Qu'est-ce que le "Comité du 9 mai", le groupuscule d'ultradroite qui a manifesté à Paris samedi?
Vêtus de noir, masqués ou cagoulés et brandissant des drapeaux parés de symboles de l'ultradroite, ils étaient 400 à avoir répondu à l'appel à manifester du "Comité du 9 Mai" et à défiler à Paris samedi sans que la manifestation ne soit interdite par la préfecture.
À l'avant du cortège, on pouvait lire sur une banderole noire "Sébastien présent", du nom de Sébastien Deyzieu, un militant ultranationaliste décédé accidentellement à 22 ans le 7 mai 1994 après une manifestation de plusieurs mouvements d'extrême droite "contre l'impérialisme américain". Le jeune homme s'était réfugié sur le toit d'un immeuble de Paris pour échapper à la police avant de faire une chute mortelle. Il a depuis acquis un statut de martyr pour une partie de l'extrême-droite française.
Organisée par le Groupe union défense
Aujourd'hui, le "Comité" est principalement une émanation du Groupe union défense (GUD), une organisation d'ultradroite fondée par des étudiants en droit à Assas en 1968 et qui est redevenue active depuis le début des années 2010. Durant la manifestation, les militants sont par ailleurs restés silencieux, sauf pour lancer le slogan du GUD: "Europe, jeunesse, révolution". Les drapeaux noirs qu'ils brandissaient étaient par ailleurs frappés de croix celtiques, l'emblème du GUD.
Lors de la manifestation organisée en 2022, un discours prononcé par Jean-Eudes Gannat, le fondateur du groupe d'ultradroite angevin l'Alvarium, depuis dissous, faisait l'éloge "des martyrs de la guerre de Vendée, les morts du 6 février 34 [manifestation antiparlementaire organisée par des ligues d'extrême-droite], les épurés de la Libération, les militants OAS [Organisation de l'armée secrète, pro-Algérie française et qui a tenté d'assassiner Charles de Gaulle en 1961]".
L'activité du GUD est caractérisée par ses actions violentes contre les militants de gauche, notamment aux abords des campus parisiens.

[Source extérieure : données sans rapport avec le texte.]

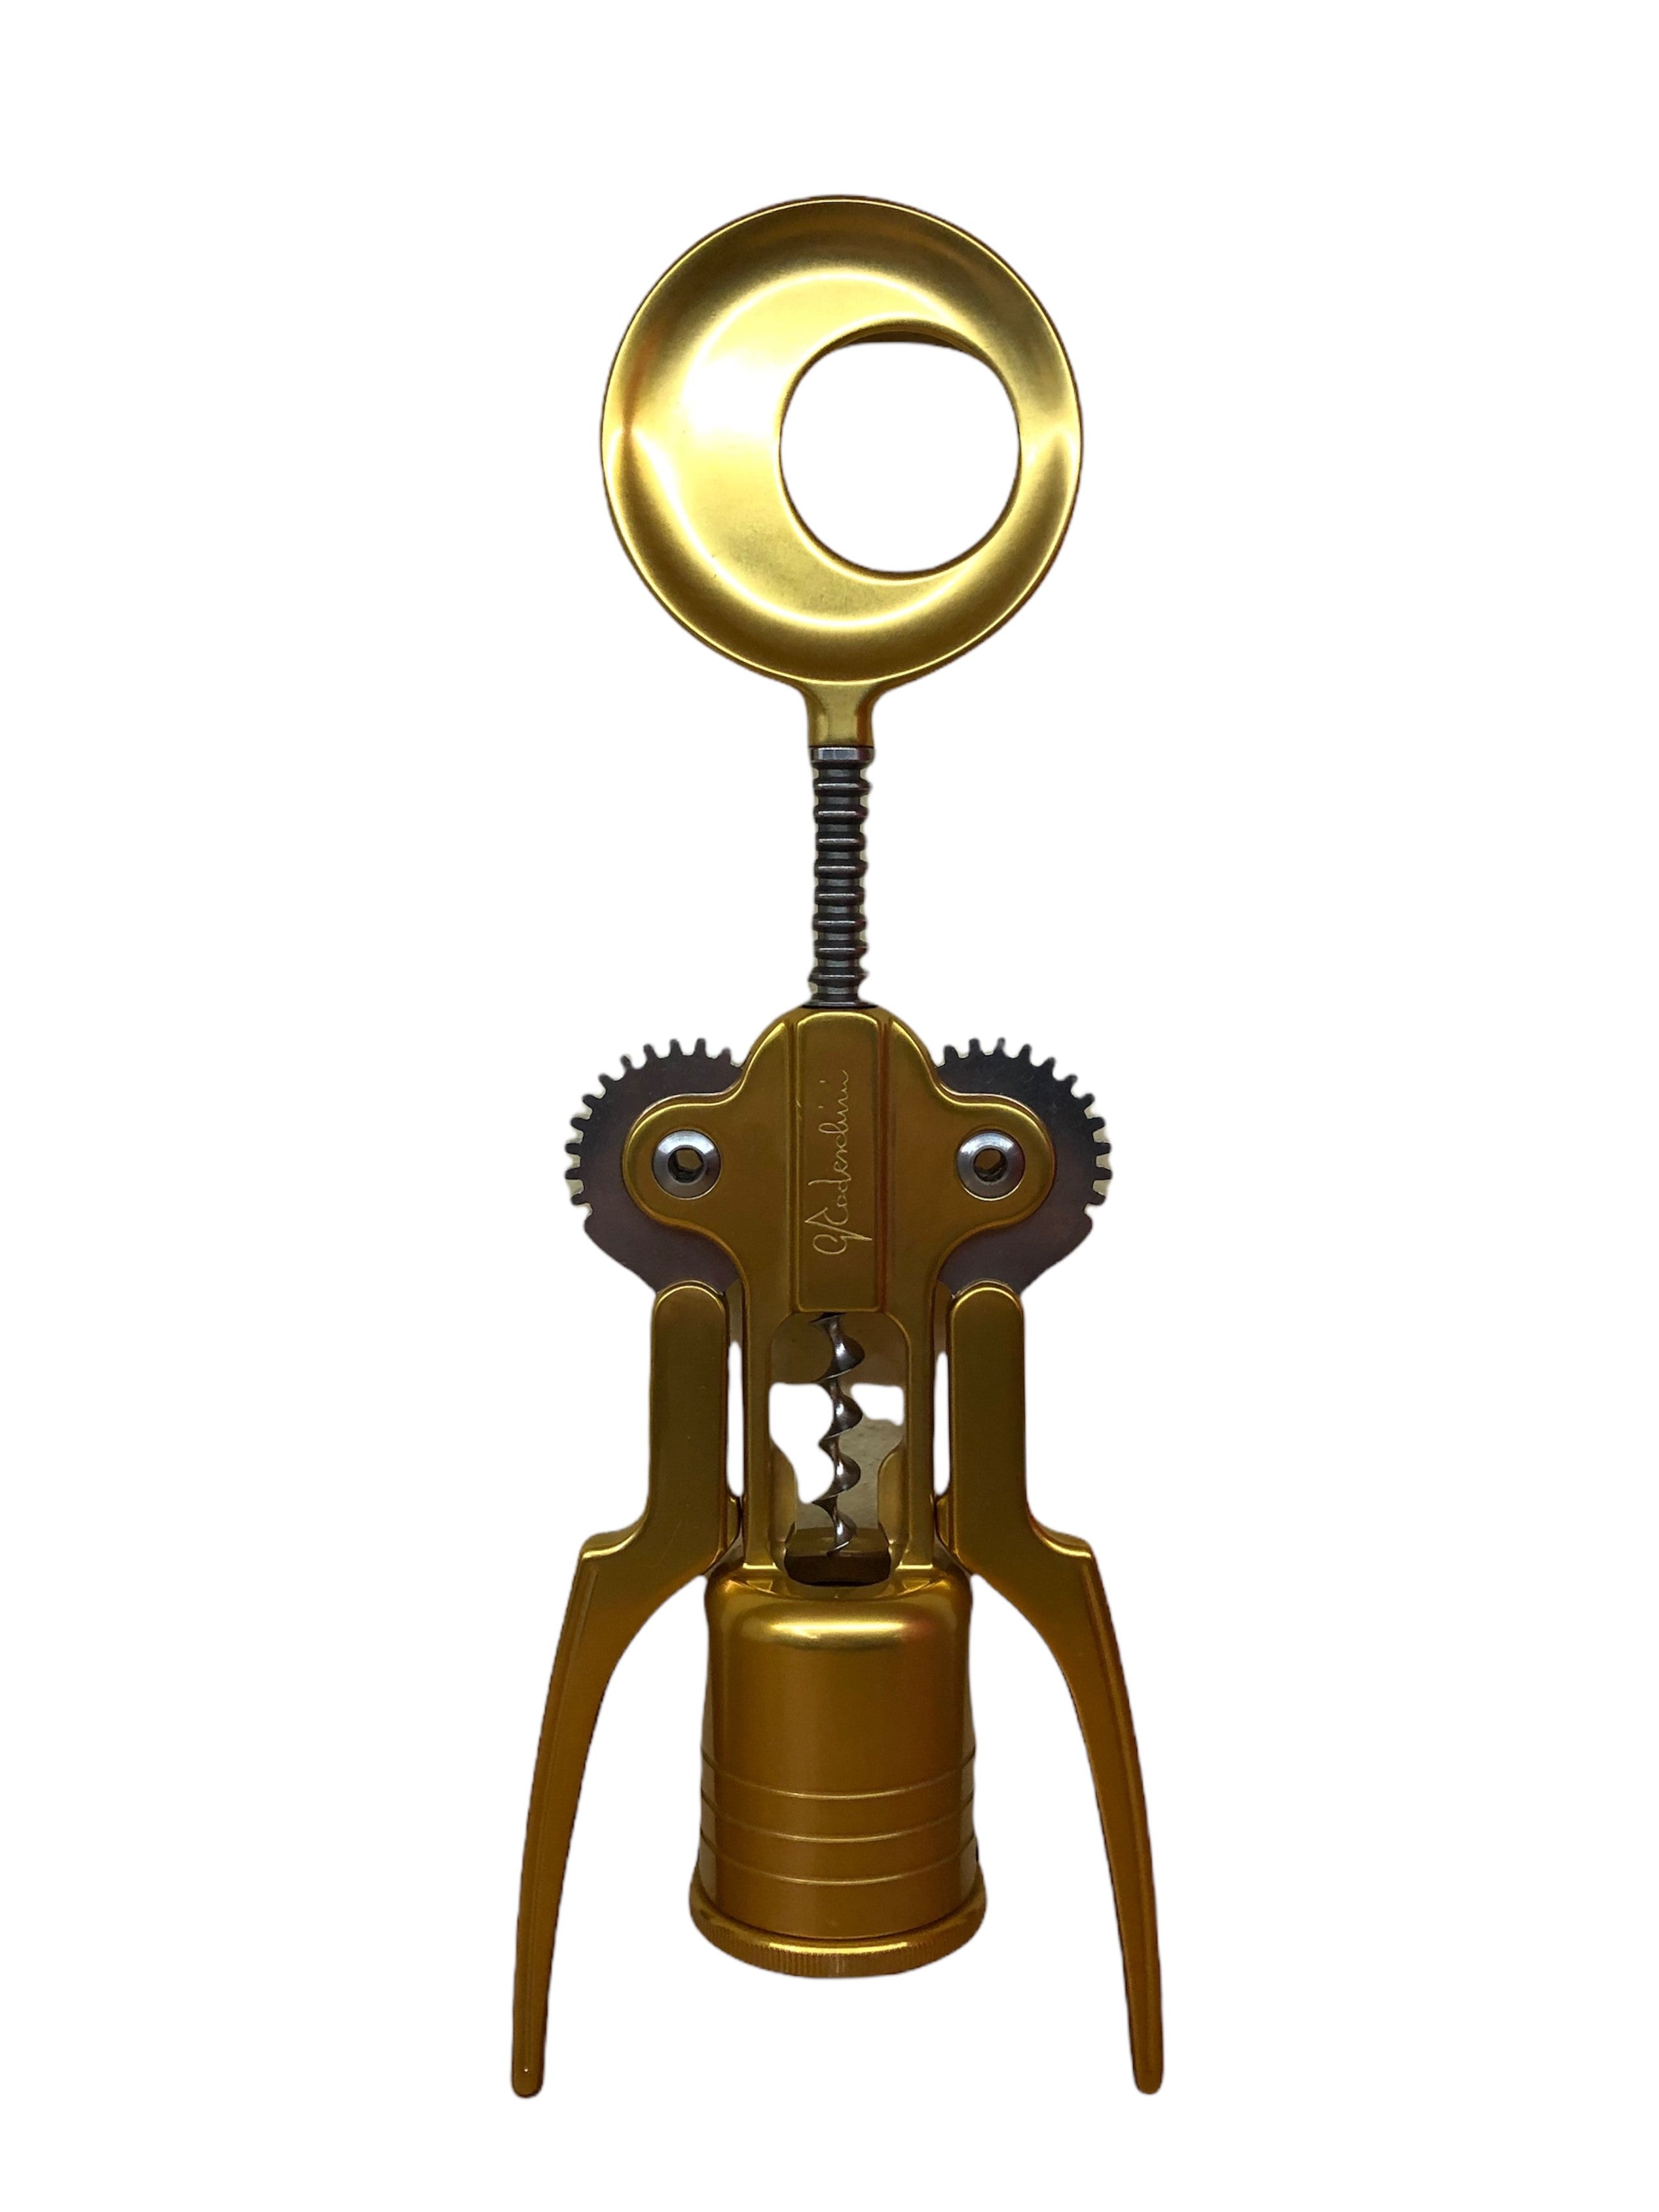 Artis Platinum Patented Gold Corkscrew with Sliding Bell

Selon les informations de StreetPress, le groupe compterait parmi ses membres une cinquantaine de militants néonazis, dont une vingtaine de "fichés S". Après la dissolution en janvier 2022 du groupe des Zouaves Paris, notamment responsable du lynchage de militants de SOS Racisme lors d'un meeting d'Éric Zemmour pendant la campagne présidentielle 2022, nombre de "zouaves" ont rejoint le GUD.

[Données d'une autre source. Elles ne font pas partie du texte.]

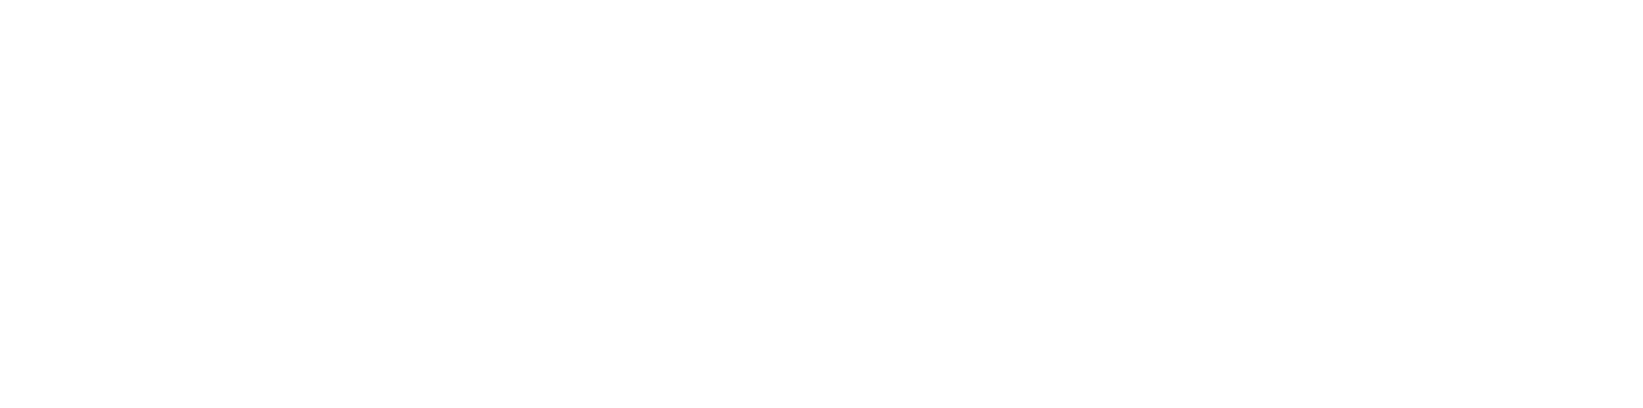 Ambev logo grand pour les fonds sombres (PNG transparent)

Selon Mediapart, Axel Loustau et Olivier Duguet, deux anciens trésoriers du micro-parti Jeanne, lancé par des proches de Marine Le Pen, étaient présents en marge du cortège. Ils ont eux-mêmes milité au GUD.
Front national et skinheads
C'est pour rendre hommage Sébastien Deyzieu à ce militant issu du groupuscule pétainiste "Œuvre française" que le "Comité" a été créé en 1994. On doit sa naissance à plusieurs partis et mouvements issus de la droite de la droite qui se sont réunis le 9 mai 1994, deux jours après la mort de Sébastien Deyzieu, pour honorer sa mémoire. Depuis, ses militants manifestent tous les ans autour du 7 mai à Paris, avec pour destination la rue où le jeune homme est décédé.
Le 7 mai 1994, le GUD et les Jeunesses nationalistes révolutionnaires (JNR), un groupe de skinheads, avaient appelé à une manifestation dont le mot d'ordre est "Bienvenue aux ennemis de l'Europe". Ces "ennemis" désignés, ce sont les Américains qui ont profité du Plan Marshall de l'après-Seconde Guerre mondiale, destiné à permettre la reconstruction d'une Europe exsangue, pour faire infuser leur culture et leur mode de vie sur le continent.
Ce que le GUD et le JNR critiquent alors précisément, c'est la promotion de la mondialisation et du néolibéralisme, auxquels ils préféreraient des sociétés nationalistes, blanches et chrétiennes. C'est ce que les spécialistes appellent "l'antimondialisme", porté par des militants d'extrême et d'ultra-droite, à différencier de "l'altermondialisme", qui est défendu par des mouvements de gauche et écologistes.
À l'annonce de la mort de Sébastien Deyzieu, la section jeunes du Front national (devenu Rassemblement national) contribue avec le GUD et le JNR à la création du "Comité du 9 Mai", qui est chargé d'organiser la manifestation annuelle.